Instructions to follow:
Below are some records. Return exactly their lines from the one containing "2010 Chevrolet Corvette Dash Kits" through the one containing "міста-побратими допомагають у", and drop the pictures.

Recorded information:
Segment Open
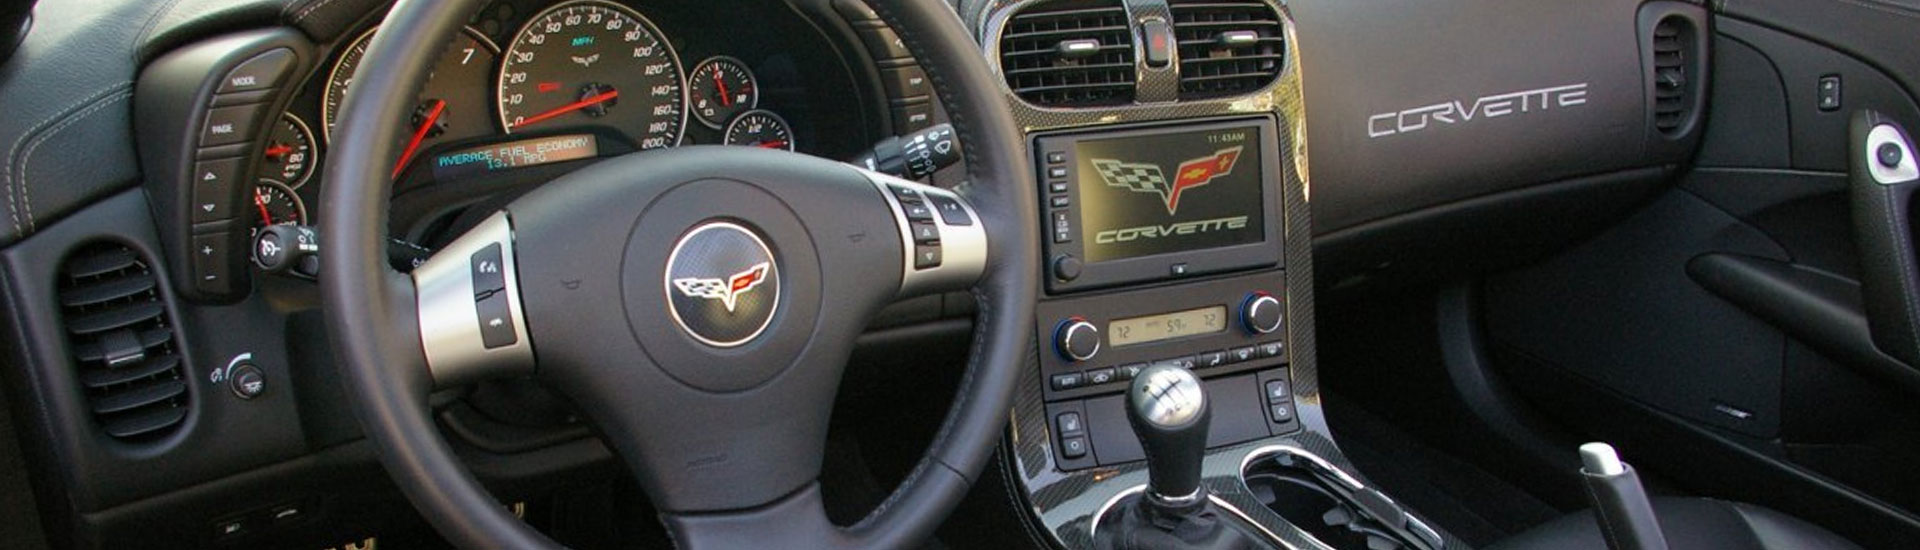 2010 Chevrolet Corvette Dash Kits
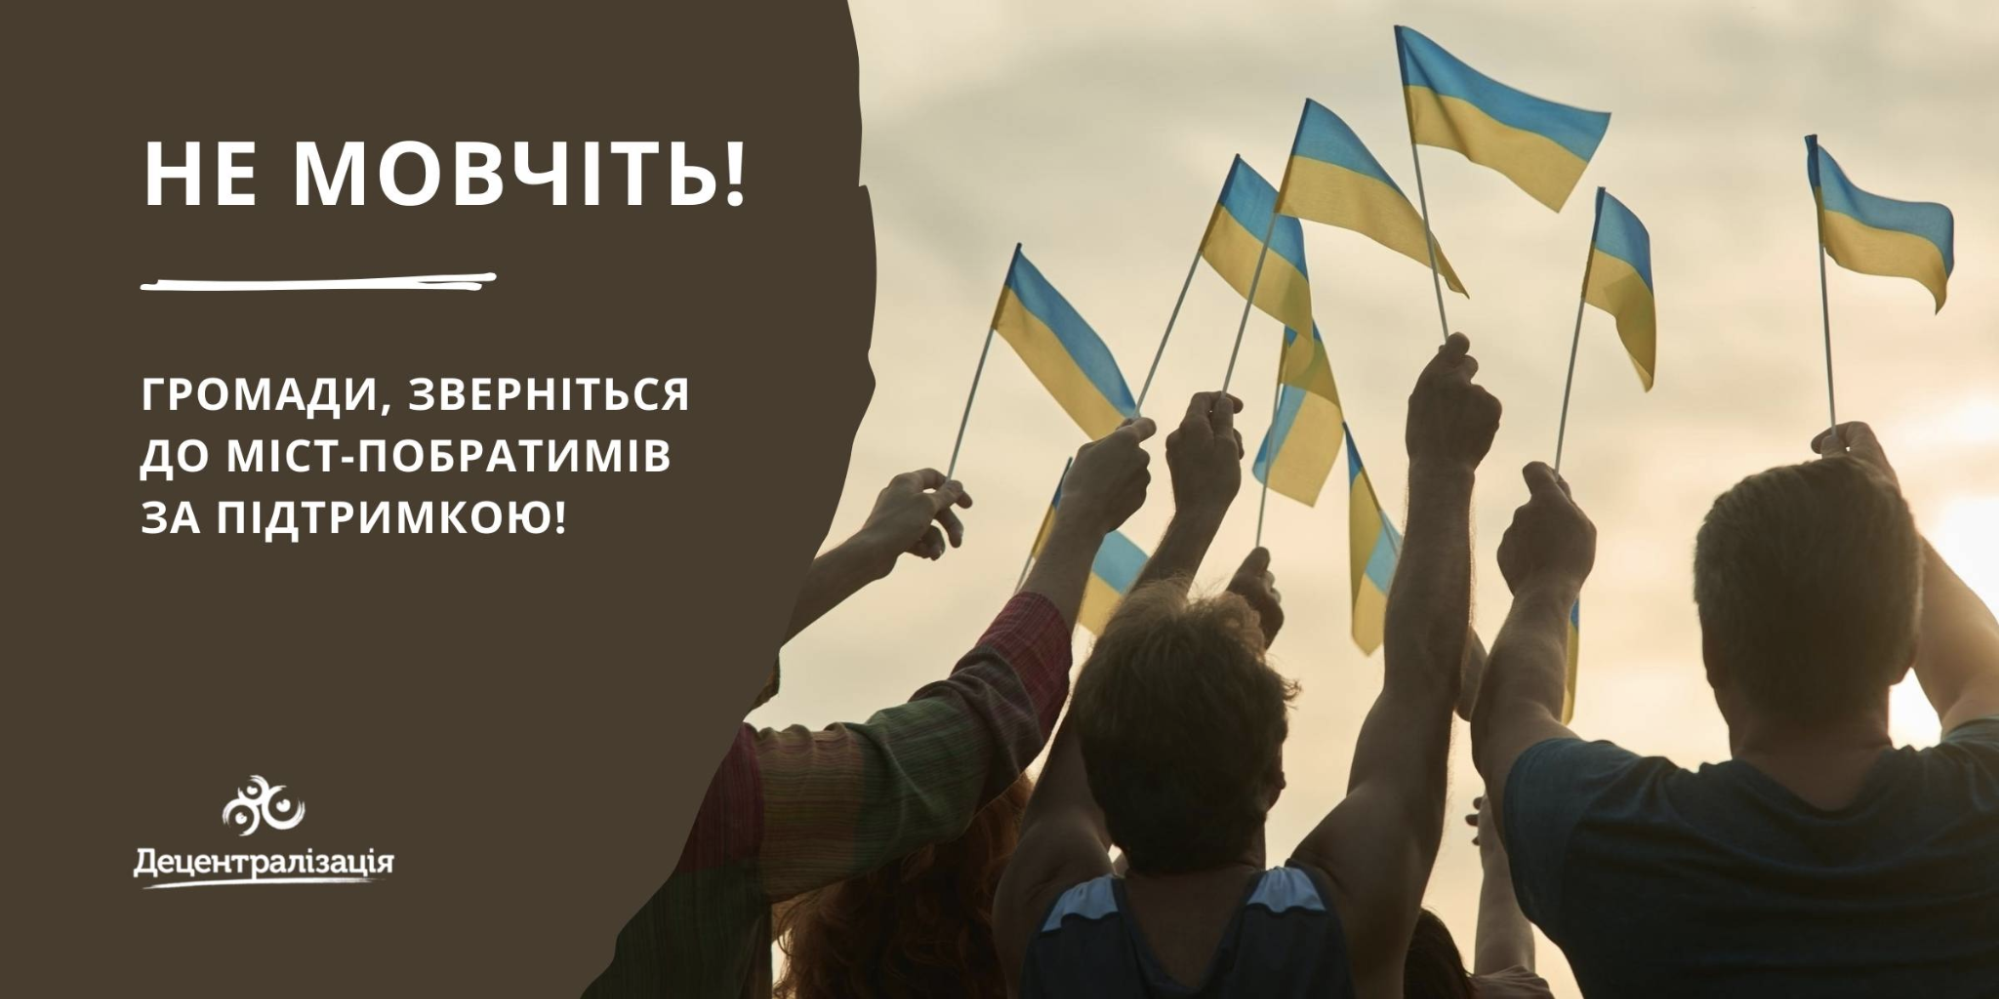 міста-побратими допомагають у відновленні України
Segment Closed
Segment Open
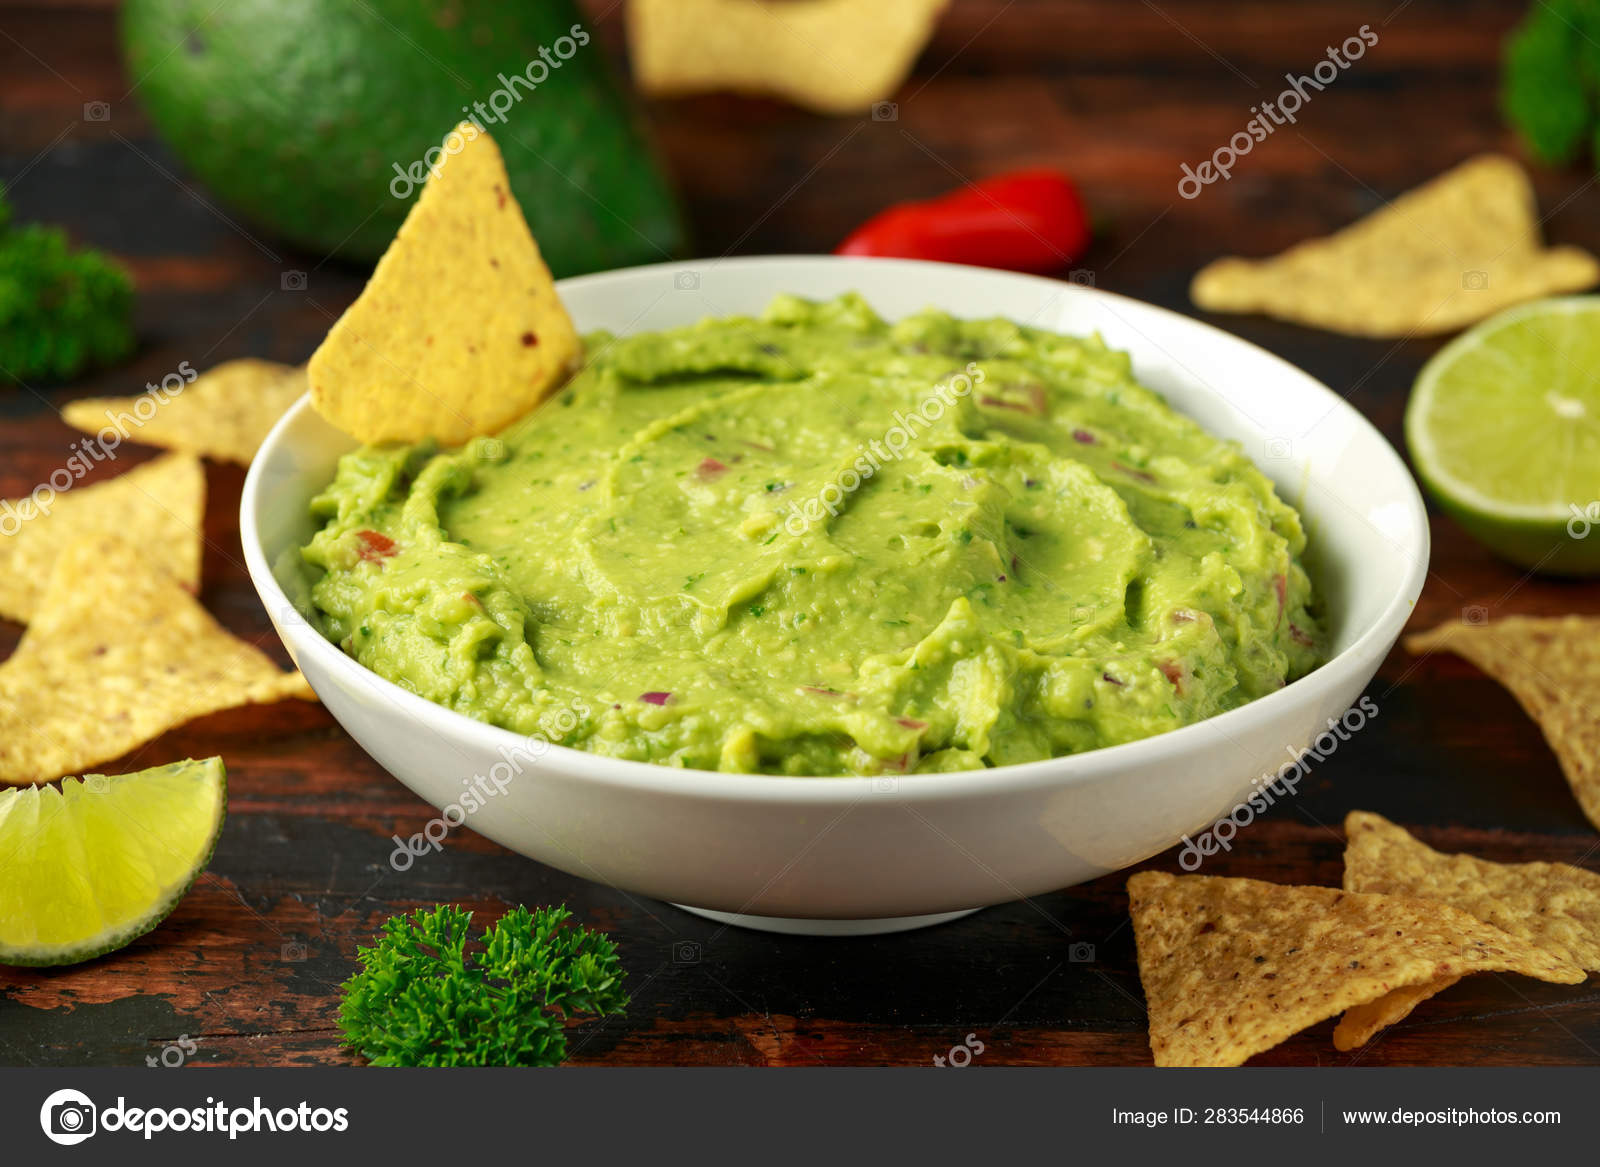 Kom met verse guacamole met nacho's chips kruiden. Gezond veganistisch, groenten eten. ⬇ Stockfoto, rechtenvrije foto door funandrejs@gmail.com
Segment Closed
Written reply:
 2010 Chevrolet Corvette Dash Kits
 міста-побратими допомагають у відновленні України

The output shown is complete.